The US Democratic Party’s woeful showing at the last US election, where they lost to a Presidential candidate so bad that a dead horse’s arse would have seemed like a sweet option to many people if they’d been given the choice, wasn’t an anomaly.

(btw – rumours are circulating that Clinton fancies having another run at it in 2020. Seriously.)

Previously, that same sense of entitlement and complacency oversaw the near entire disappearance of the Labour Party in Scotland. Yes, they used to harvest votes….they owned the farm as it were. And the machinery – as well as possessing the ability to determine when and where it would rain or if it would shine. They controlled the political discourse as expressed by all major media outlets due to extensive networks of influence forged and maintained over decades. They also had ‘generations deep’ voting traditions and habits to draw from and bank on. They were unassailable. Then in the UK General Election of 2015 they lost 40 of their 41 Scottish seats.

There was also the fun of Brexit. Yet again the political establishment cooried up to itself and couldn’t conceive of a world where the electorate wasn’t wrapped up in the same comforting (and delusional) embrace as itself.

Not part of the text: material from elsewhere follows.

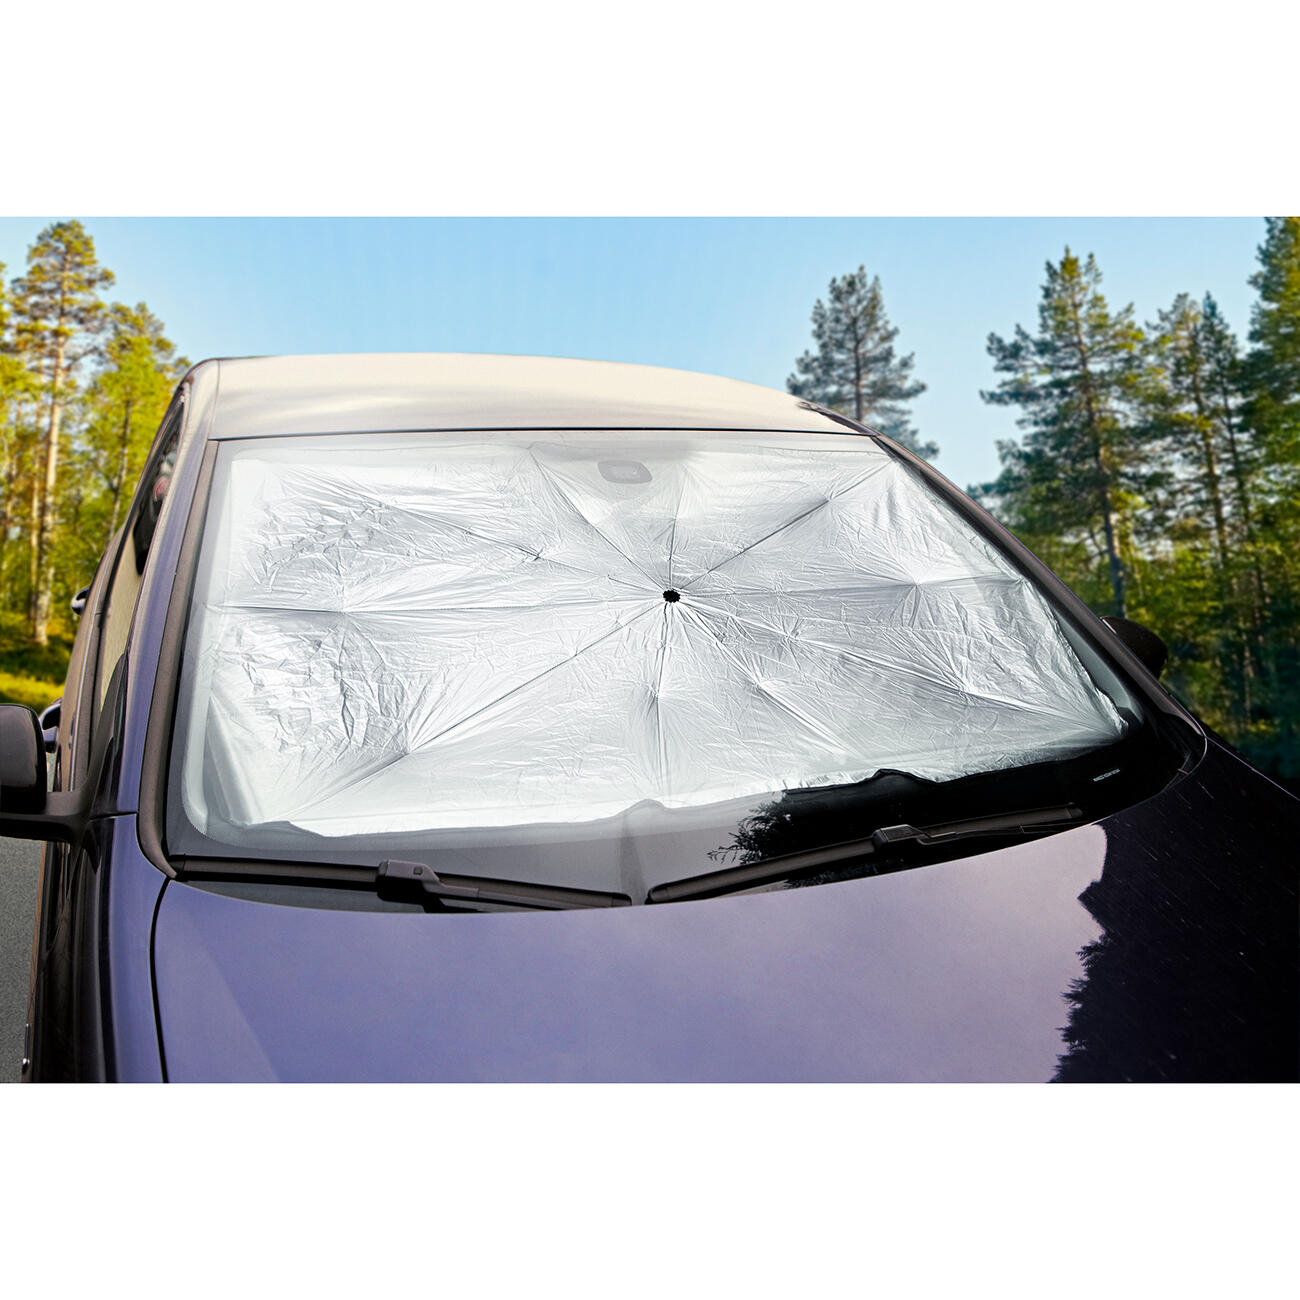 Faltbare Auto Sonnenschirm Regenschirm Typ Sonnenschutz für Auto Fenster  Sommer Sonnenschutz Wärmedämmung Tuch für Auto Front Schattierung -  AliExpress

The gulf to political oblivion; the detachment that sits beneath that complacent sense of entitlement to someone’s vote is swallowing up a lot of political parties throughout the OECD and beyond these days.

New Zealand isn’t immune. Right now we have a party leading a government that promised transformation about to have its Annual Conference. So popular is that party, and so swollen are it’s membership numbers, that it looks like it’s had to send out public invites in order to fill(?) a town hall that it’s leader will be speaking in during conference.

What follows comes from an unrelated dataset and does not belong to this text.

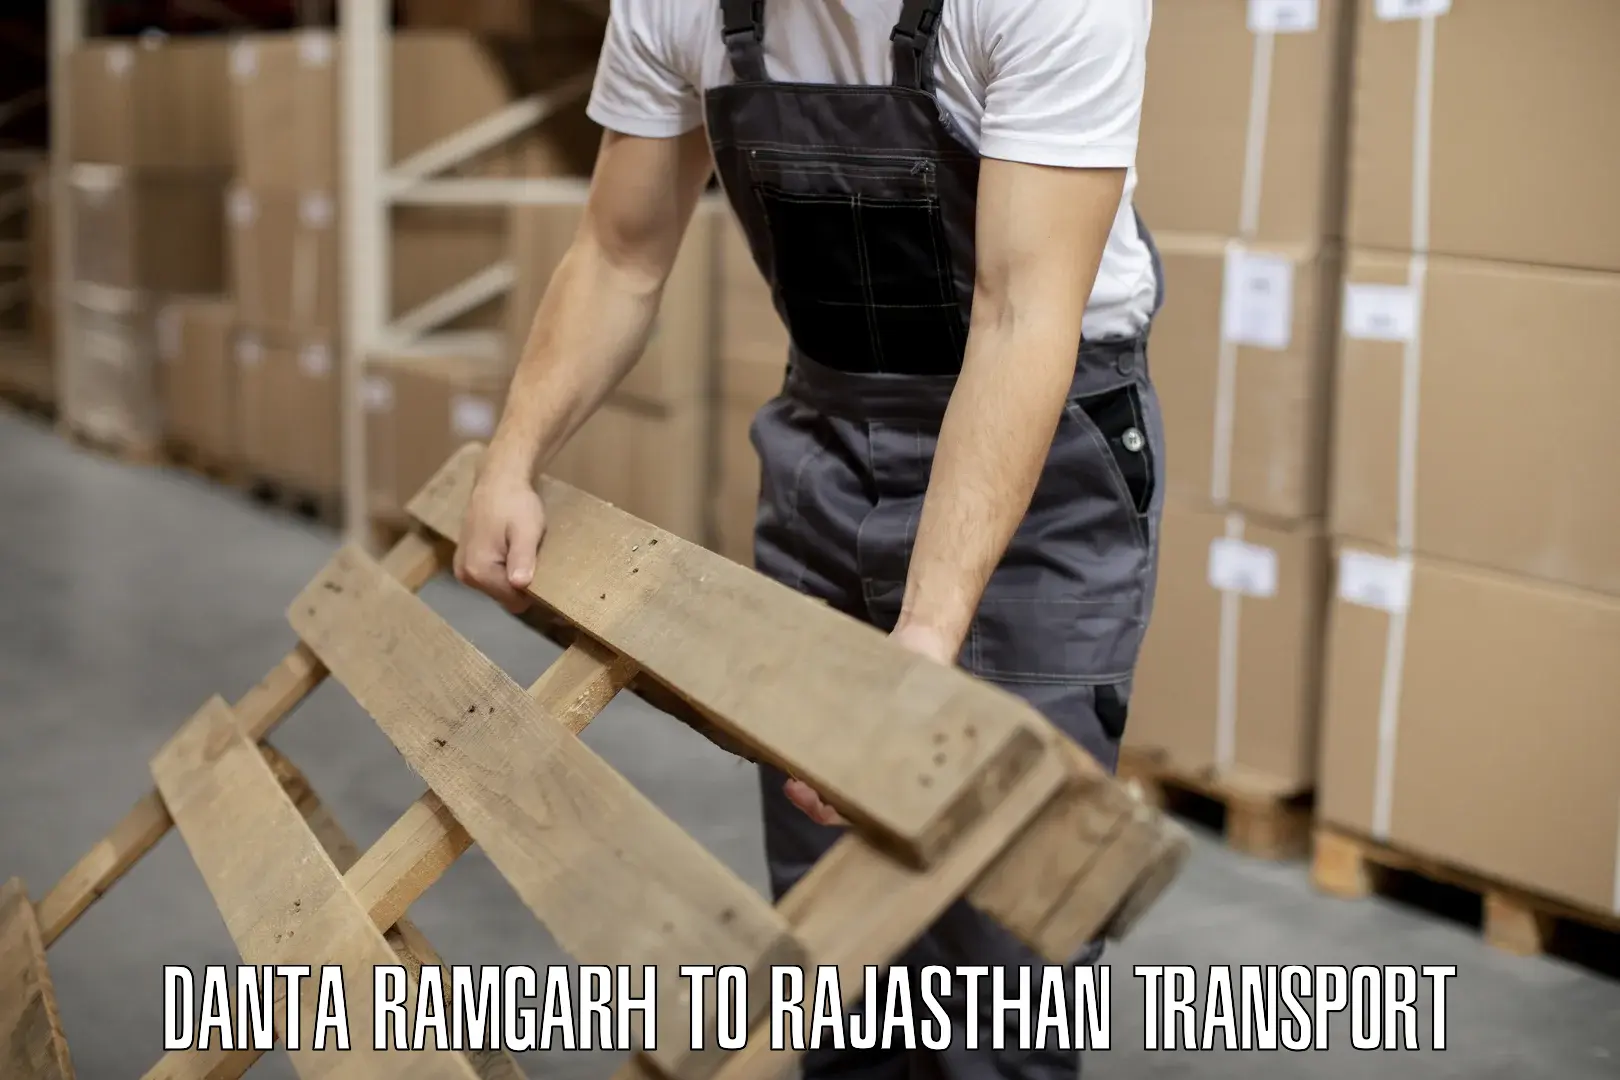 Land transport services in Danta Ramgarh to Pratapgarh Rajasthan

There are two ways us voters get to stand on the edge of a precipice to gleefully wave down on some rejected political vehicle as it drops like a stone. One way is good. The other probably ends kind of badly.

But after a generation’s worth (or longer) of getting kicked in the teeth by a political establishment that’s more or less abandoned a swathes of us to poverty and bullshit because they favour the pursuit of some nice looking economic graph and ‘balances’, any politician or political party promising an alternative to the “same old” stands a fair chance of electoral success. So, whereas it would be bloody great if a genuine social democratic alternative was on the ballot, if they’re not, a Trump or a Bolsonaro will do. And the reason why, is that the intention is to deliver maximum pain to those politically responsible for these past decades.

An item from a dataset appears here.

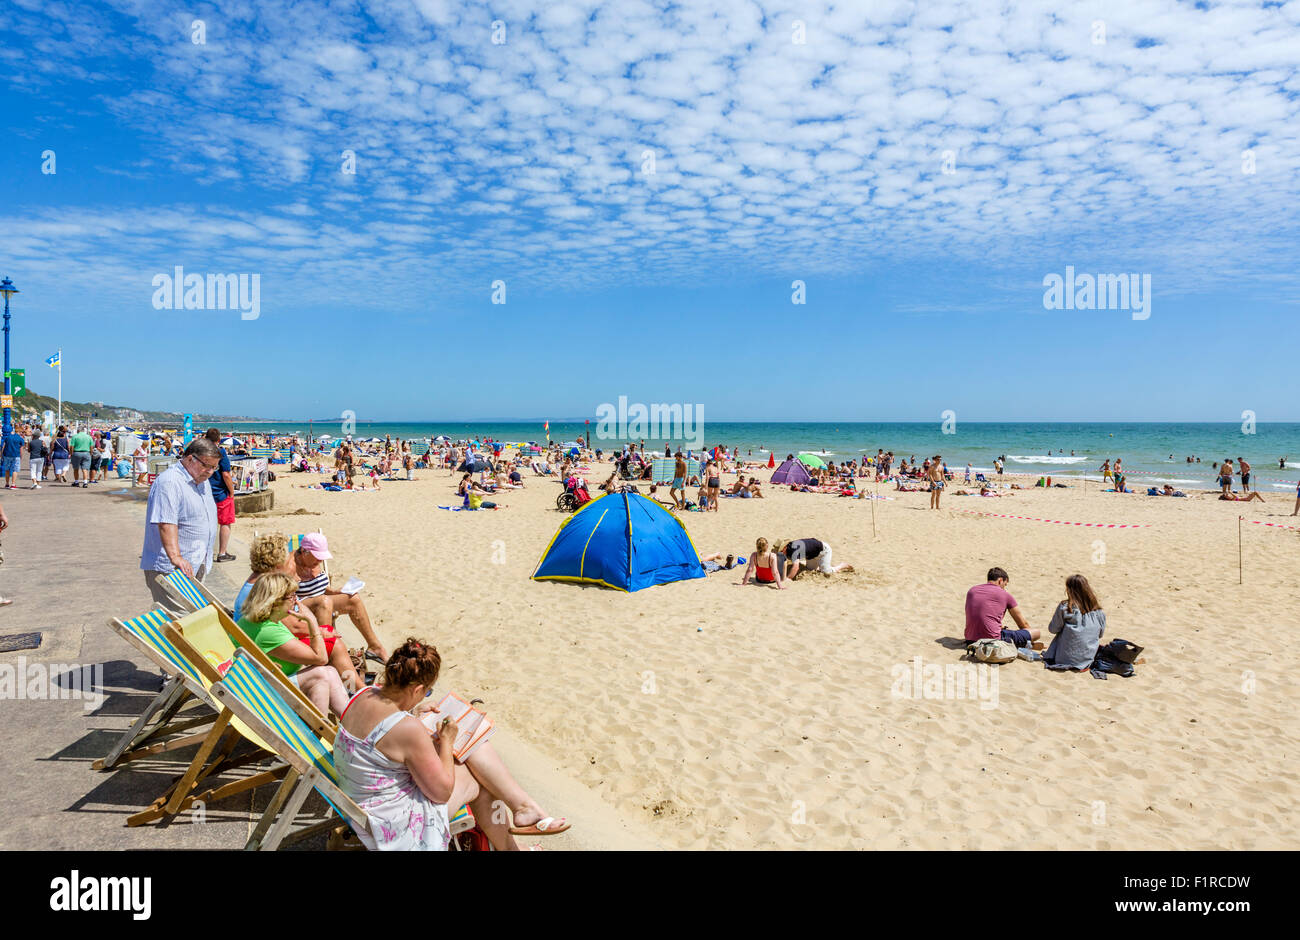 La plage de Bournemouth, Dorset, England, UK Banque D'Images
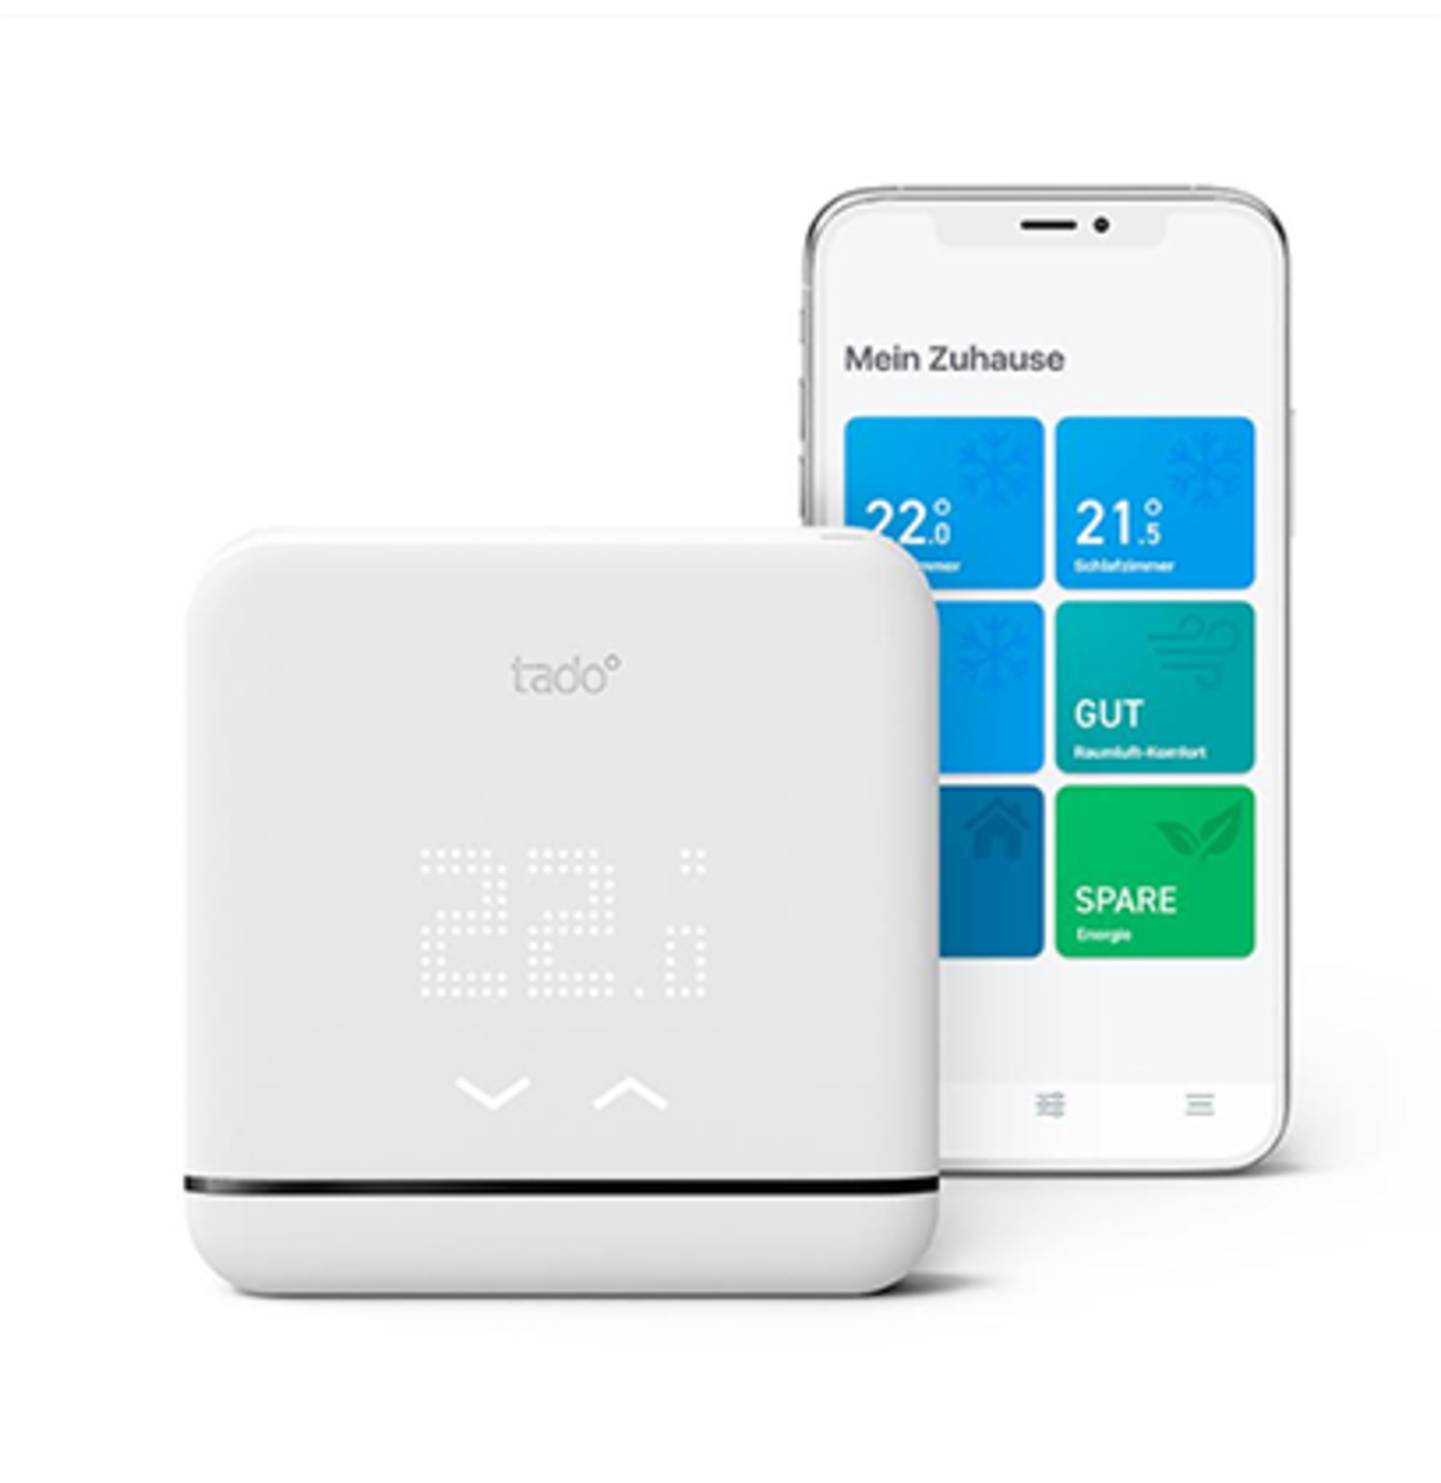 Tado - Das smarte Heizkörper-Thermostat

If you don’t understand that mentality, try this.

When I was a kid at school, fights were fairly common. The culture being as it was, it wasn’t really an option to back out or run away from any fight that might be coming your way. So this was the deal. Me (wee kid). You (bigger kid). I know I’m in for a kicking. But I’m going to hurt you as badly as I can on the way down. And sure, the longer I keep going, the more bloodied I wind up being. But that’s beside the point. I’m hurting you.

At school, if there was a “fuck you” attitude riding on fists and feet, then in elections, and sadly, for increasing numbers of people, it’s the same necessary attitude riding on a vote.

Many people who voted for Trump didn’t vote for him because they’re idiots. Same with Bolsonaro. The politics expressed by an establishment that blights peoples’ lives “because ideology” need to be brought down. But sure, if you’re one of those who have remained relatively unscathed by the scourge of liberalism, then I guess you might not be quite able to grasp that.

Which means, perhaps, that you’ll position yourself as one, who in defending and excusing political parties wedded to liberalism (for fear of fascism?) acts as an effective roadblock to social democracy. And ‘fighting the good fight’, as you may believe yourself to be, maybe you won’t think to be asking yourself – if not social democracy, what then?